Я встал и подошел к окну: дым из заводской трубы поднимался медленно и тоже совершенно беззвучно. Однажды, в розовощеком детстве, родители надумали меня воспитывать и, наказывая за что-то, перестали со мной разговаривать, но я оказался настырнее: первыми не выдержали они. Дети всегда упрямее взрослых.
– Значит, вы считаете, Кирибеев не виноват? – настаивал я.
Ребята молчали.
В класс просунулся озабоченный завхоз Шишлов.
– Вот это дисциплина! – восхитился он. – Я сперва думал, все ушли… Станислав Юрьевич просил напомнить!..
Я кивнул и снова поглядел на улицу: на третьем этаже больничного корпуса, как раз вровень со мной, мертвой синевой светилось широкоформатное окно операционной. По улице мчались машины, спешили люди, прогуливались кошки – а там, на ледяном экране операционной, сгрудились над столом силуэты врачей, похожие на игроков, всматривающихся в замедляющееся движение рулетки…
– То, что вы делаете, – это красивая подлость, – тихо проговорил я, продолжая смотреть в окно.
Ребята молчали.
То, что я совершил в следующую минуту, не только не входило в мои глубокомысленные воспитательные планы, но даже не могло накануне прийти в голову. Я спокойно достал письмо, развернул и медленно, бесстрастно прочитал все, от первого до последнего слова…
«…Это будет наш с Вами заговор доброты, наша святая ложь. Простите меня».
Потом я вернулся к столу, сел, положил перед собой конверт и стал ждать. Было слышно, как по коридору малышей повели в раздевалку. «Еще один звук – и все вернутся в класс!» – тихо грозила учительница. Затем, по-уличному перебраниваясь, протопали выгнанные с урока десятиклассники – через мгновение их остановил суровый окрик Клары Ивановны…
Со стены на меня недоброжелательно смотрели классики мировой и отечественной литературы, особенно холоден был Лермонтов. Я встретился взглядом с Лешей Ивченко, в глазах у шефа-координатора стояли слезы. И тогда Кирибеев, медленно повернувшись к Расходенкову, презрительно распорядился:
– Отдай ему!
В предбаннике директорского кабинета секретарь-машинистка Любочка, обложившись учебниками и сжав руками свою бедную голову, готовилась к сессии. Я зашел к Стасю, дождался, пока он по телефону объяснит кому-то, что учить информатике без компьютера – то же самое, что играть свадьбу без невесты, и бросил ему на стол коллективное письмо.

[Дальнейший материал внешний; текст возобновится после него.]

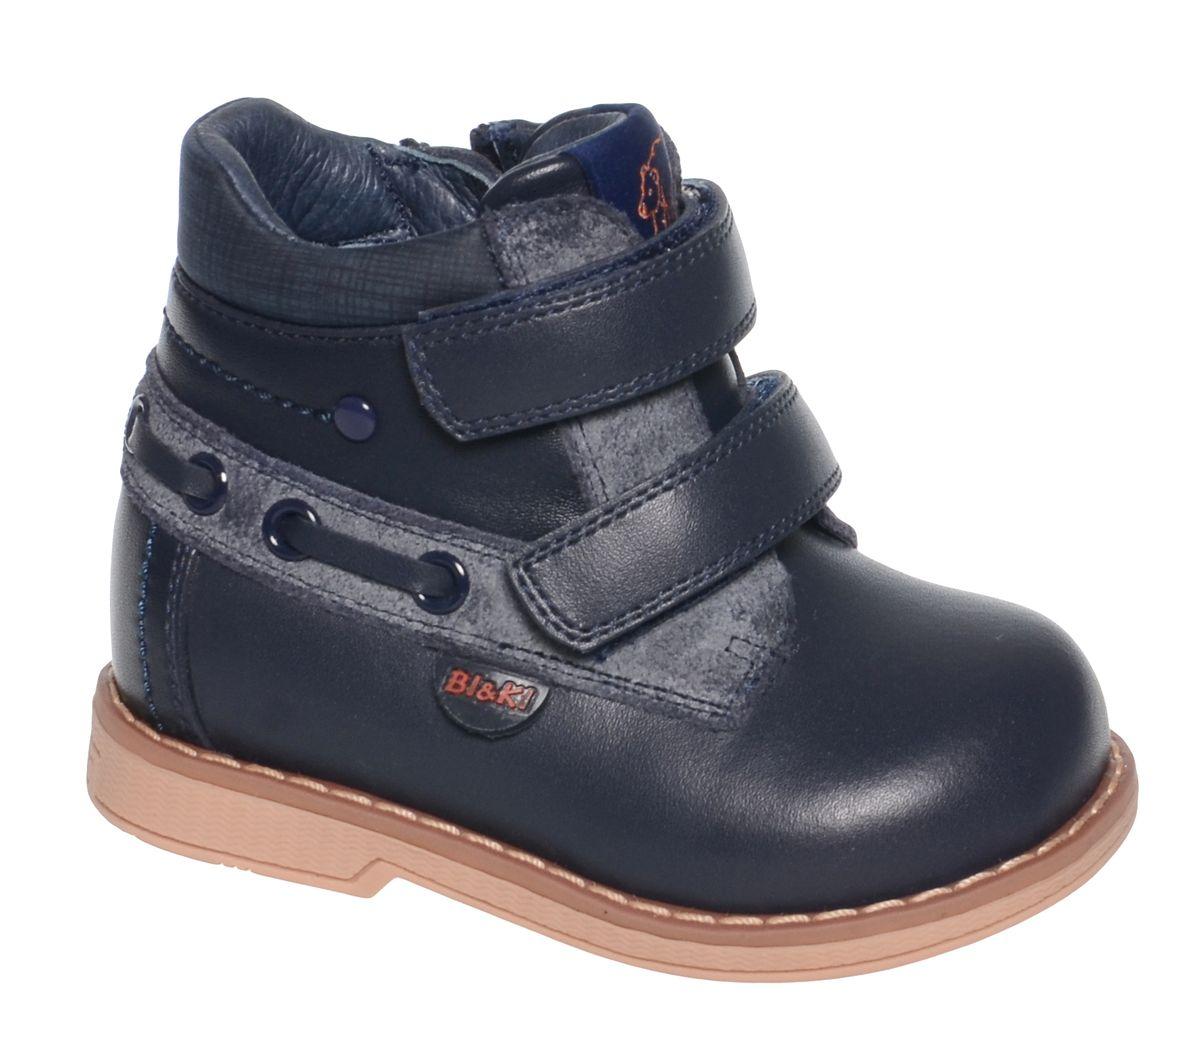 Ботинки для мальчика BiKi, цвет: темно-синий. A-B86-45-B. Размер 21A-B86-45-BДетские ботинки от BiKi заинтересуют вашего модника с первого взгляда. Модель выполнена из комбинации натуральной и искусственной кожи и декорирована шнуровкой. Внутренняя поверхность и стелька, выполненные из натуральной кожи и байки, предотвращают натирание и гарантируют комфорт. Подъем дополнен ремешками на застежках-липучках, которые обеспечивают плотное прилегание модели к стопе и регулируют объем. Ботинки застегиваются на застежку-молнию, расположенную на одной из боковых сторон. Подошва оснащена рифлением для лучшей сцепки с поверхностью. Стильные и удобные ботинки - незаменимая вещь в весенне-осеннем гардеробе.

– Сами отдали? – бодро спросил Фоменко.
– Выкрал!
– Молодец! – похвалил он, пробегая машинописные строчки. – Друг спас друга! Я, правда, тоже подстраховался: звонил этому борзописцу на службу. Оказывается, он и там своими кляузами осточертел. Договорились о совместной блокаде. Чтоб ты знал! Дети прониклись?
– Прониклись, скажи спасибо Пустыреву…
– В тебе гибнет Сухомлинский! Как дела с журналом, не звонили?
– Звонили. Ждут с нетерпением.
– Я серьезно спрашиваю!
– А я серьезно отвечаю!
– Поздравляю! – Фоменко даже привстал, радуясь за товарища. – Пиши заявление с завтрашнего дня… Нет, лучше с понедельника.
– Можно договориться… До конца учебного года они подождут! – предложил я, не ожидая такой административной поспешности.
– Хватит жертв! – Стась хлопнул меня по плечу. – Ты там нужнее! Пиши заявление!..
– Неужели так серьезно? – догадался я.
– Серьезнее, чем ты думаешь! Шумилину звонили из министерства, мне – из райкома партии. Фронтальную проверку раньше обещали через год, а теперь, извольте кушать, «фронталка» в сентябре будет! Тоже, думаю, не случайно… Ну, ничего: директор школы не начальник «Березки», конкурентов мало… Отобьемся! Но это, Андрюша, проще сделать, если тебя в школе не будет. Понимаешь?
– Понимаю…
Когда я вышел от Фоменко, начинался шестой урок. Возле кабинета начальной военной подготовки пытался выровняться построенный в две шеренги мой девятый класс.
– Смирно! – улыбаясь, скомандовал военрук Жилин и добавил: – Ивченко мне вашу просьбу передал, я его от занятий освободил!
– Какую просьбу? – не понял я.
– Неужели наврал? – удивился военрук.
– Отдать под трибунал! – вытягиваясь во фрунт, посоветовал Бабкин.
– Разговоры в строю! – рявкнул Жилин. – Команды «вольно» не было. Челышева!
Вика, поправляя челку, удивленно посмотрела на учителя и нехотя опустила руку.
– Разберемся! – пообещал я и пошел дальше по коридору.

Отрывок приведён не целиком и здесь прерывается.